▶ _What you need to do_
Retype every entry below without any change.

▶ _Records supplied_
==================================================

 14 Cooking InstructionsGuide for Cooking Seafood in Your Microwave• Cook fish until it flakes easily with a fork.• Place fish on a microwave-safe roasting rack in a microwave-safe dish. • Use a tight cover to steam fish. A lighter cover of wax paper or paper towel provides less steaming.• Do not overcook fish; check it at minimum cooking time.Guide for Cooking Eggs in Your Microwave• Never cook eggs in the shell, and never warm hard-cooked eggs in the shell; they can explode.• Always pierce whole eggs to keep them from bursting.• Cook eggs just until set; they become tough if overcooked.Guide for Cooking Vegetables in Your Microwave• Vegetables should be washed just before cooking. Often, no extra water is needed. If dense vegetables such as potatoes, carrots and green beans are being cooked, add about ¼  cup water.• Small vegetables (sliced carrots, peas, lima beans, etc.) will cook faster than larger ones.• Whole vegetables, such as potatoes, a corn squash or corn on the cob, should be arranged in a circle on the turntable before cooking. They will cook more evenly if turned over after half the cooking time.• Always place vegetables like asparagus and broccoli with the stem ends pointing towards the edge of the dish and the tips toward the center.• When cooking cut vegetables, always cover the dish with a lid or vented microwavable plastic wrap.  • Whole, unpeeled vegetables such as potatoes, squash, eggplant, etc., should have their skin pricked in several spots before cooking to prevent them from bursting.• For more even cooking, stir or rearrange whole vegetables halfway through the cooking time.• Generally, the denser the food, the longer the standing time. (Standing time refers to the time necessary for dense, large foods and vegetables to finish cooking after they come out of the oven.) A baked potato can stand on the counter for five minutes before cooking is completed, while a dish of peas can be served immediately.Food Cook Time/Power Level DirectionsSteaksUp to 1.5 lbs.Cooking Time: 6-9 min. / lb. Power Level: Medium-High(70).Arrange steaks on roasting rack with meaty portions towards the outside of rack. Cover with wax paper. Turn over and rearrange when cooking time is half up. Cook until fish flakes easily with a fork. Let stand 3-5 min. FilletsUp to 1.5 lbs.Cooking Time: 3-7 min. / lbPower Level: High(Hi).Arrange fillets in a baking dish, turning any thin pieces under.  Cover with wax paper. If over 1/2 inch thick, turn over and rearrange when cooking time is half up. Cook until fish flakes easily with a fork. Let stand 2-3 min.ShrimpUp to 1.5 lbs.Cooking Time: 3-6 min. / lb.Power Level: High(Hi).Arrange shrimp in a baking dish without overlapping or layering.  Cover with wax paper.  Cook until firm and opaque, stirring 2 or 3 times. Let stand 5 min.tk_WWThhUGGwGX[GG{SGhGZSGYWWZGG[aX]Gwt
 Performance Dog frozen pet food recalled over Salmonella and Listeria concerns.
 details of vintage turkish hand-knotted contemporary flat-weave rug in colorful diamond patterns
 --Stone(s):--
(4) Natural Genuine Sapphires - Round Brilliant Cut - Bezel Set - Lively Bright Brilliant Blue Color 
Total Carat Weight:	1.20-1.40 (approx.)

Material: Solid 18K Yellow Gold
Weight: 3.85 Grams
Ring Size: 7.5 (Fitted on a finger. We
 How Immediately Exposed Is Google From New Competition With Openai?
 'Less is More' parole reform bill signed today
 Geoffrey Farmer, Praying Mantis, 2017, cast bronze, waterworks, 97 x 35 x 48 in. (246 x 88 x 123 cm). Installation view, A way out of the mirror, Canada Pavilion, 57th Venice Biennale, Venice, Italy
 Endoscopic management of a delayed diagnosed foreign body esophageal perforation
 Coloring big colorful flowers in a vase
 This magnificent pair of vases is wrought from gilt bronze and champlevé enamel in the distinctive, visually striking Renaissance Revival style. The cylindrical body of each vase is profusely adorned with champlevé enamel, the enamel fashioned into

==================================================

▶ _Result for this exercise_
 14 Cooking InstructionsGuide for Cooking Seafood in Your Microwave• Cook fish until it flakes easily with a fork.• Place fish on a microwave-safe roasting rack in a microwave-safe dish. • Use a tight cover to steam fish. A lighter cover of wax paper or paper towel provides less steaming.• Do not overcook fish; check it at minimum cooking time.Guide for Cooking Eggs in Your Microwave• Never cook eggs in the shell, and never warm hard-cooked eggs in the shell; they can explode.• Always pierce whole eggs to keep them from bursting.• Cook eggs just until set; they become tough if overcooked.Guide for Cooking Vegetables in Your Microwave• Vegetables should be washed just before cooking. Often, no extra water is needed. If dense vegetables such as potatoes, carrots and green beans are being cooked, add about ¼  cup water.• Small vegetables (sliced carrots, peas, lima beans, etc.) will cook faster than larger ones.• Whole vegetables, such as potatoes, a corn squash or corn on the cob, should be arranged in a circle on the turntable before cooking. They will cook more evenly if turned over after half the cooking time.• Always place vegetables like asparagus and broccoli with the stem ends pointing towards the edge of the dish and the tips toward the center.• When cooking cut vegetables, always cover the dish with a lid or vented microwavable plastic wrap.  • Whole, unpeeled vegetables such as potatoes, squash, eggplant, etc., should have their skin pricked in several spots before cooking to prevent them from bursting.• For more even cooking, stir or rearrange whole vegetables halfway through the cooking time.• Generally, the denser the food, the longer the standing time. (Standing time refers to the time necessary for dense, large foods and vegetables to finish cooking after they come out of the oven.) A baked potato can stand on the counter for five minutes before cooking is completed, while a dish of peas can be served immediately.Food Cook Time/Power Level DirectionsSteaksUp to 1.5 lbs.Cooking Time: 6-9 min. / lb. Power Level: Medium-High(70).Arrange steaks on roasting rack with meaty portions towards the outside of rack. Cover with wax paper. Turn over and rearrange when cooking time is half up. Cook until fish flakes easily with a fork. Let stand 3-5 min. FilletsUp to 1.5 lbs.Cooking Time: 3-7 min. / lbPower Level: High(Hi).Arrange fillets in a baking dish, turning any thin pieces under.  Cover with wax paper. If over 1/2 inch thick, turn over and rearrange when cooking time is half up. Cook until fish flakes easily with a fork. Let stand 2-3 min.ShrimpUp to 1.5 lbs.Cooking Time: 3-6 min. / lb.Power Level: High(Hi).Arrange shrimp in a baking dish without overlapping or layering.  Cover with wax paper.  Cook until firm and opaque, stirring 2 or 3 times. Let stand 5 min.tk_WWThhUGGwGX[GG{SGhGZSGYWWZGG[aX]Gwt
 Performance Dog frozen pet food recalled over Salmonella and Listeria concerns.
 details of vintage turkish hand-knotted contemporary flat-weave rug in colorful diamond patterns
 --Stone(s):--
(4) Natural Genuine Sapphires - Round Brilliant Cut - Bezel Set - Lively Bright Brilliant Blue Color 
Total Carat Weight:	1.20-1.40 (approx.)

Material: Solid 18K Yellow Gold
Weight: 3.85 Grams
Ring Size: 7.5 (Fitted on a finger. We
 How Immediately Exposed Is Google From New Competition With Openai?
 'Less is More' parole reform bill signed today
 Geoffrey Farmer, Praying Mantis, 2017, cast bronze, waterworks, 97 x 35 x 48 in. (246 x 88 x 123 cm). Installation view, A way out of the mirror, Canada Pavilion, 57th Venice Biennale, Venice, Italy
 Endoscopic management of a delayed diagnosed foreign body esophageal perforation
 Coloring big colorful flowers in a vase
 This magnificent pair of vases is wrought from gilt bronze and champlevé enamel in the distinctive, visually striking Renaissance Revival style. The cylindrical body of each vase is profusely adorned with champlevé enamel, the enamel fashioned into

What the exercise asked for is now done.